Data analytics and visualization: a more insightful approach to equipment maintenance
IoT data enables data analytics and supports visualization. Data analytics and visualization deliver business insights, while dashboards provide holistic views of equipment conditions by synthesizing IoT data into actionable information.
By presenting IoT data in a cogent way, equipment problems become more discoverable and allow businesses to respond more quickly. Unfortunately, businesses remain in reactive mode as human beings must monitor dashboards and respond to the equipment condition and performance information depicted there. Could automation leveraging artificial intelligence do the monitoring and identify potential issues before they occur?
AI finds the patterns to predict maintenance needs
Applying artificial intelligence to asset-generated data allows organizations to predict failures before they occur, further reducing the need for planned maintenance and downtime while also minimizing unplanned downtime.
Like data analytics and visualization, AI consumes data from IoT devices. Unlike analytics and visualization, AI algorithms can use that data to identify future trends, detect anomalies and predict failures by analyzing performance data collected in the past.

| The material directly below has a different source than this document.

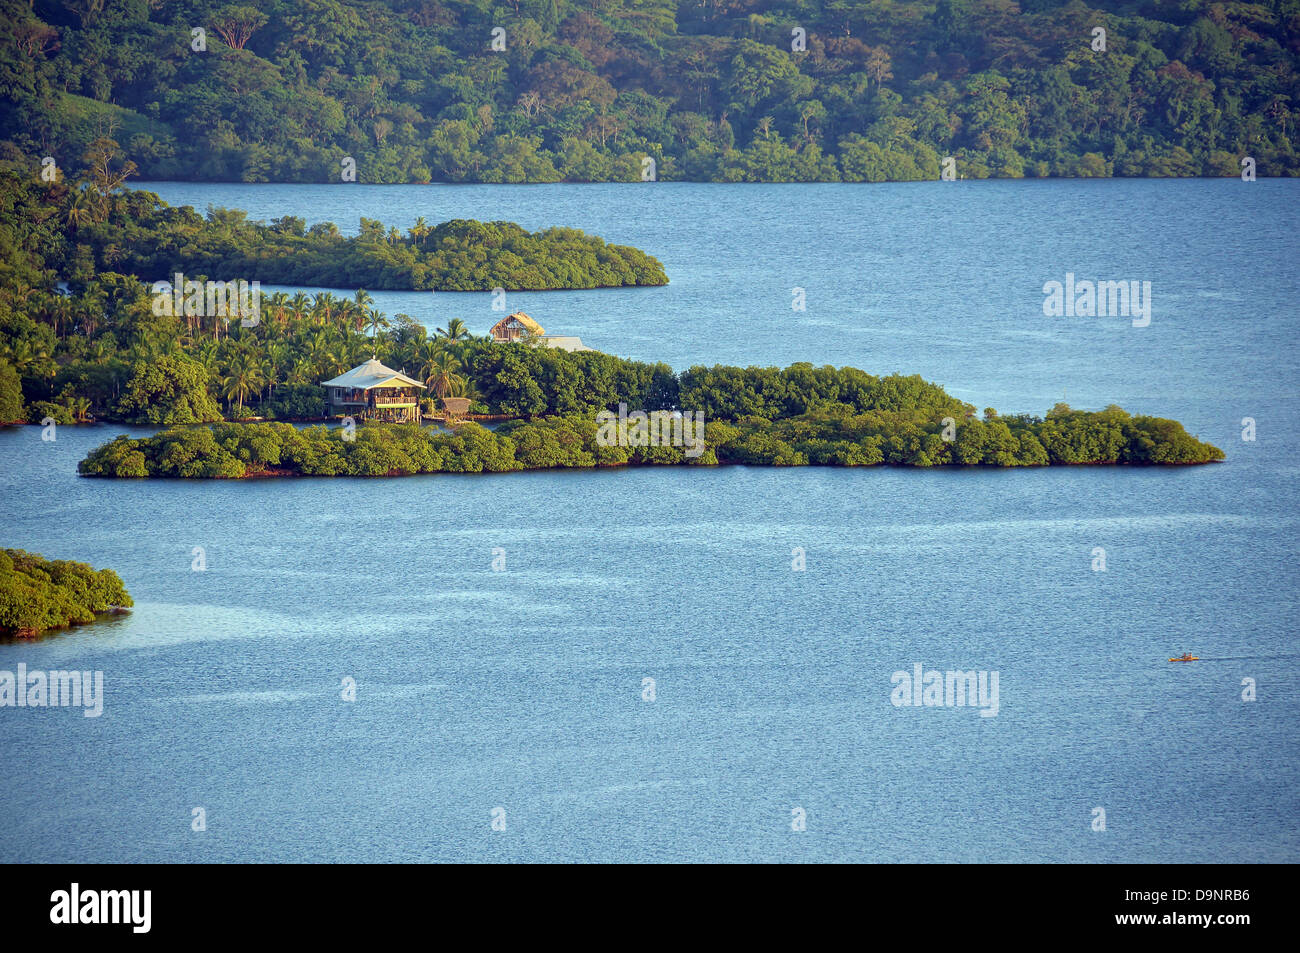 Luftaufnahme der tropischen Küste mit üppiger Vegetation und einem Haus, Inselgruppe von Bocas del Toro, Karibik, Panama, Mittelamerika Stockfoto

This is the promise of predictive maintenance: extrapolating insights from the data without human intervention – and making predictions from it.
AI pulls the business out of reactive and preventative maintenance modes by generating dynamic predictions based on real-world data.
A new world of predictive maintenance: digital twins
Digital twin technology empowers businesses to create interactive virtual models of their assets based on real-world IoT sensor and performance data to achieve a new level of insights around asset utilization and performance.
Digital twins provide the freedom to explore possibilities without risk. A digital twin of a machine — or even of an entire facility — is a model of the subject in a virtual world.
Here too, IoT data provides the basis for the model. Businesses can run simulations of new maintenance strategies to identify the optimal approach to minimize planned downtime and continue to reduce unplanned breakdowns. Because the digital twin is built on information that’s continually refreshed in real-time, the model continues to evolve to emulate the asset reliability and its current condition in the real world.
Digital twins allow businesses to experiment more. The virtual re-creation of an asset is a risk-free environment to run simulations and develop scenarios that answer questions like “how many more days can we forego scheduled maintenance without a breakdown?” or “how can we extend the life of this asset?” Or even, “How much longer can I go without servicing my car?”
Businesses want to maintain equipment as frequently as necessary, but no more frequently than necessary. Digital twins help businesses find that sweet spot.
Deriving value from predictive maintenance
Not every circumstance calls for building and maintaining a digital twin, or for implementing an AI model. Many maintenance situations are effectively addressed with simpler solutions. By getting acquainted with the potential of predictive maintenance, leaders can determine what maintenance solutions are appropriate to their conditions. Businesses that use IoT devices to monitor critical assets and facility conditions will, however, benefit from a fresh look at how they use their IoT data today — and from learning how IoT data could optimize the performance and proactive maintenance of their assets. They will discover how to derive more value from IoT data they already possess — and from the equipment their IoT devices are already monitoring.